Since I believe that the 228 Incident is a very important collective memory for the Taiwanese people, and one of the factors in the formation of Taiwan's contemporary nationalism, I am obliged to offer my thoughts for discussion. I hope this article can encourage more people to join this rally to protect Taiwan.

Taiwan's history of the last century or so can be divided into two parts.

The period beginning with Japan's occupation of Taiwan in 1895 and going through the end of World War II is modern history; the period thereafter belongs to contemporary history.

The 228 Incident is the biggest and most profound event in the nation's contemporary history. It is not too much to say that this event has defined the nation's subsequent development.

The 228 Incident has become a decisive point in Taiwan's contemporary nationalism.

Under Japanese colonial rule, the people were suppressed, but gradually cultivated their own awareness.

Then the 228 Incident smashed China's pipe dream, helping Taiwanese people become aware of the distinction between themselves and the Chinese people, and more decisively strengthening the self-awareness of the Taiwanese people.

Then, in the 1990s, Taiwan's localization developed when China intimidated Taiwan through propaganda and military force, resulting in a great transformation of Taiwanese self-awareness into national identification.
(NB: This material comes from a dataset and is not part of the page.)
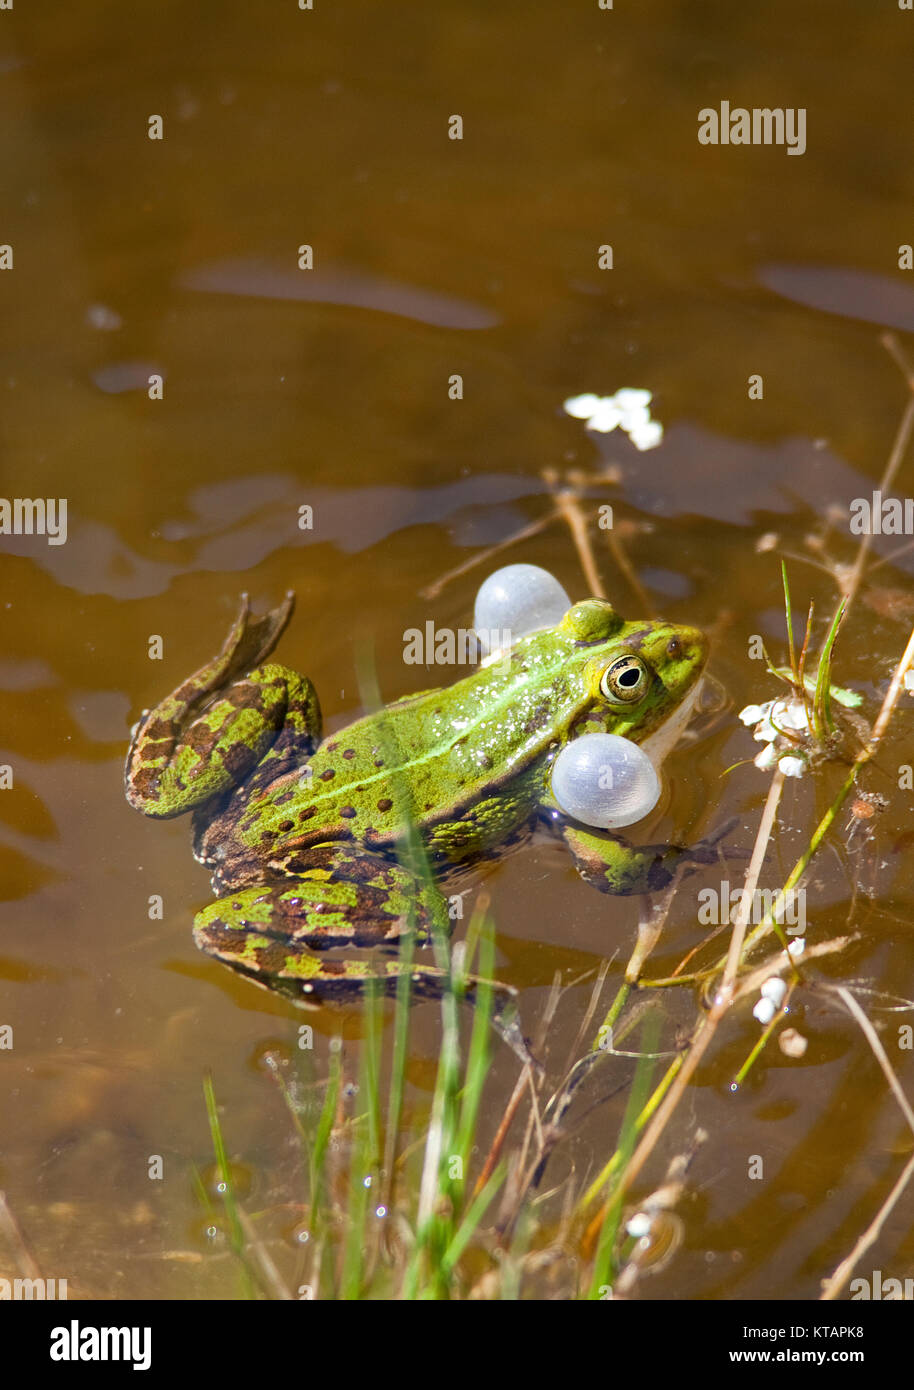 Wasserfrosch, gemeinsame Wasser Frosch (Rana kl. esculenta), auch genannt grünen Frosch, in einem Teich in Middelhagen, mönchgut, Insel Rügen, Ostsee, Deutschland Stockfoto

At the same time, also starting from the advent of Japanese rule, Taiwanese ethnic groups adjusted their attitudes toward each other, as evidenced in the Wushe Incident (霧社事件) in 1930, when Aboriginal people killed only Japanese, not Han people.

Provoked by the 228 Incident, self-awareness continued to grow. For example, faced with the strength of people with roots in China, other ethnic groups developed attitudes of mutual solidarity.

Then in the 1990s, when democratization was under way, the four main ethnic groups were encouraged to strengthen their identities while at the same time showing respect (not integration and assimilation) toward each other.

People's identification with the new nation and harmony inside the nation are two issues of great significance to Taiwan's contemporary nationalism. The 228 Incident began the process, which accelerated during the 1990s when Lee was president. It is meaningful that it is Lee who is behind this rally.

The historic significance of the 228 Hand-in-Hand Rally is that Taiwanese people, based on their national identification with Taiwan, will stand up to say "no" to foreign invaders -- namely China, which has said it will not hesitate to use military force to annex Taiwan.